Implementing a Data Analytics Solution with Azure Synapse Analytics
  • Course

This is a single day Instructor Lead Course designed to give the learners instruction on the SQL dedicated and serverless Spark pools and providing instruction of data wrangling and the ELT process using Synapse Pipelines which is very similar to those familiar with Azure Data Factory (ADF) to move data into the Synapse dedicated pool database. Audience Profile The Audience should have familiarity with notebooks that use different languages and a Spark engine, such as Databricks, Jupyter Notebooks, Zeppelin notebooks and more. They should also have some experience with SQL, Python, and Azure tools, such as Data Factory.

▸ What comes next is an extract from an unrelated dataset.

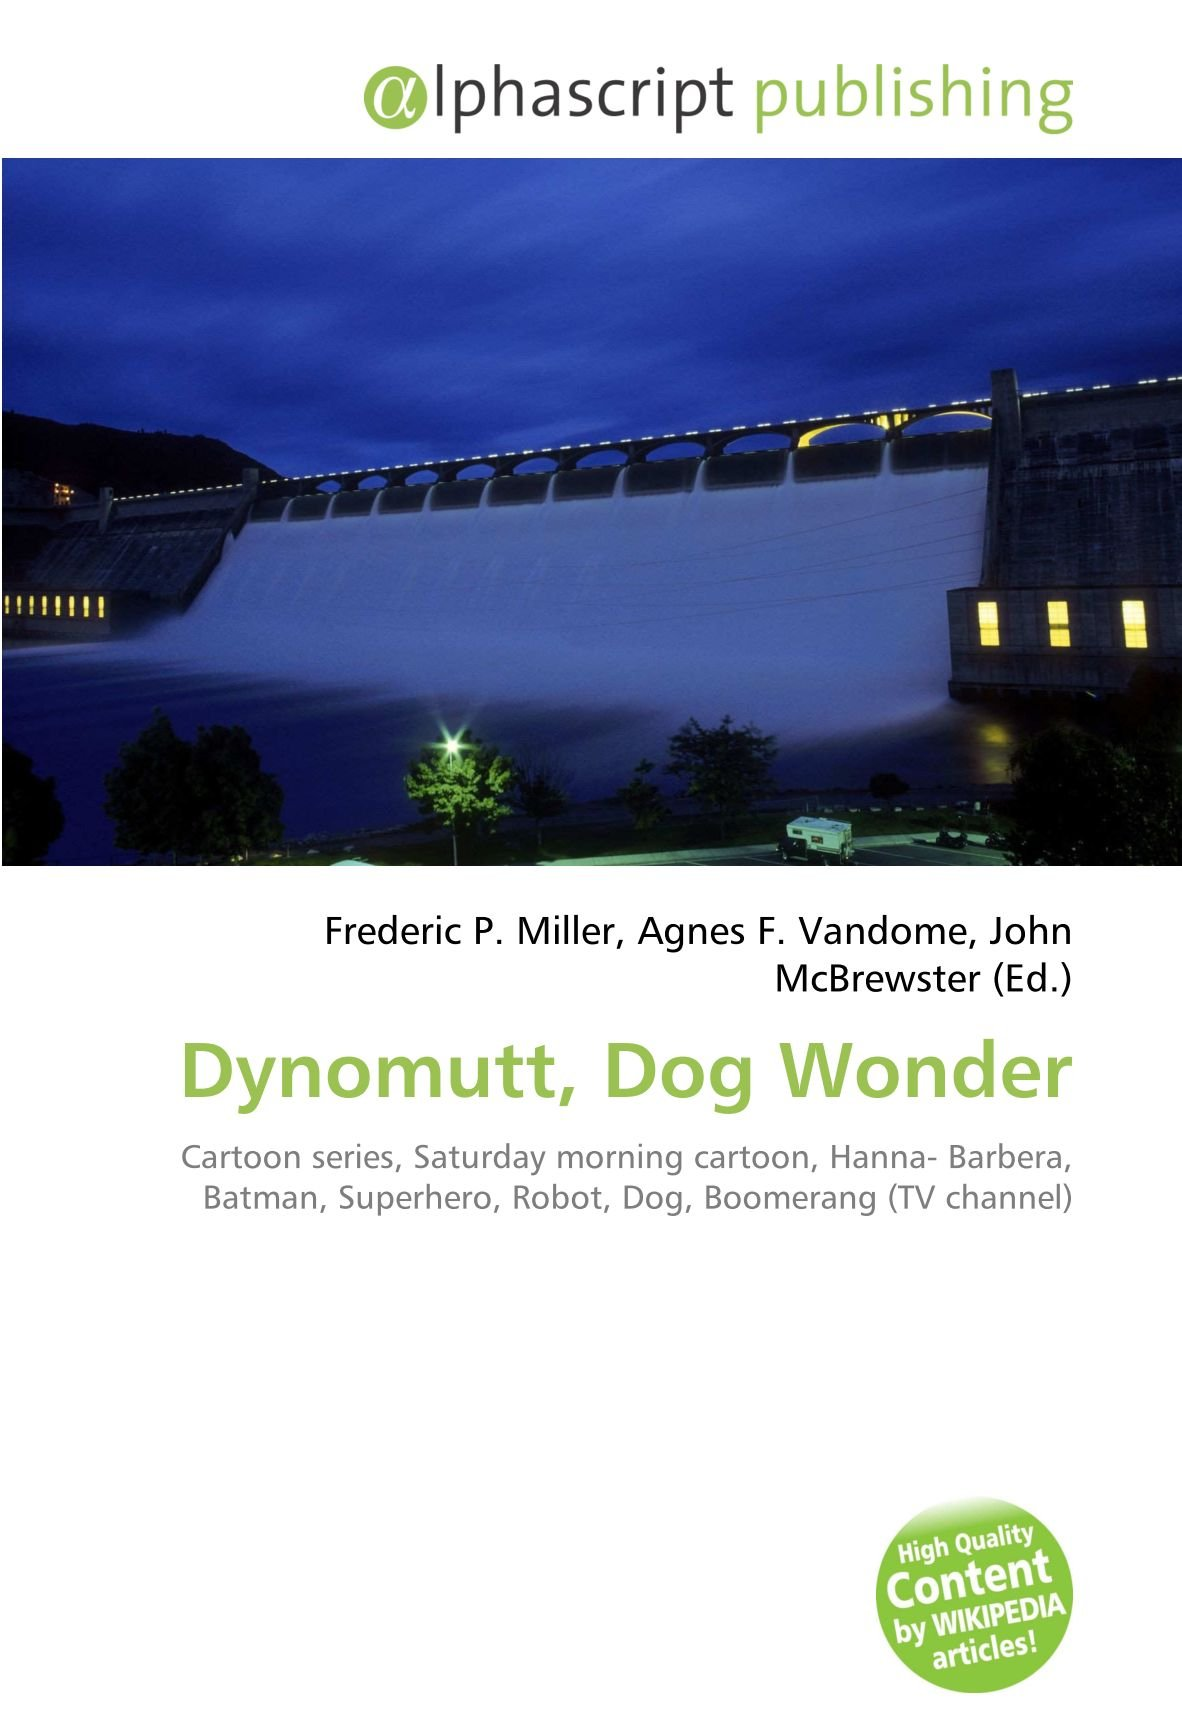 Dynomutt, Dog Wonder: Amazon.es: Miller, Frederic P., Vandome, Agnes F., McBrewster, John: Libros en idiomas extranjeros

Microsoft Fabric Analytics Engineer
  • Course

This course covers methods and practices for implementing and managing enterprise-scale data analytics solutions using Microsoft Fabric. Students will learn how to use Fabric dataflows, pipelines, and notebooks to develop analytics assets such as semantic models, data warehouses, and lakehouses.  This course is designed for experienced data professionals skilled at data preparation, modeling, analysis, and visualization, such as the PL-300: Power BI Data Analyst certification.  Audience Profile The primary audience for this course is data professionals with experience in data modeling and analytics. DP-600 is designed for professionals who want to use Microsoft Fabric to create and deploy enterprise-scale data analytics solutions. Learners should have prior experience with one of the following programming languages: Structured Query Language (SQL), Kusto Query Language (KQL), or Data Analysis Expressions (DAX).

Data Engineering on Microsoft Azure
  • Course

In this course, the student will learn how to implement and manage data engineering workloads on Microsoft Azure, using Azure services such as Azure Synapse Analytics, Azure Data Lake Storage Gen2, Azure Stream Analytics, Azure Databricks, and others. The course focuses on common data engineering tasks such as orchestrating data transfer and transformation pipelines, working with data files in a data lake, creating and loading relational data warehouses, capturing and aggregating streams of real-time data, and tracking data assets and lineage. Audience Profile The primary audience for this course is data professionals, data architects, and business intelligence professionals who want to learn about data engineering and building analytical solutions using data platform technologies that exist on Microsoft Azure. The secondary audience for this course includes data analysts and data scientists who work with analytical solutions built on Microsoft Azure.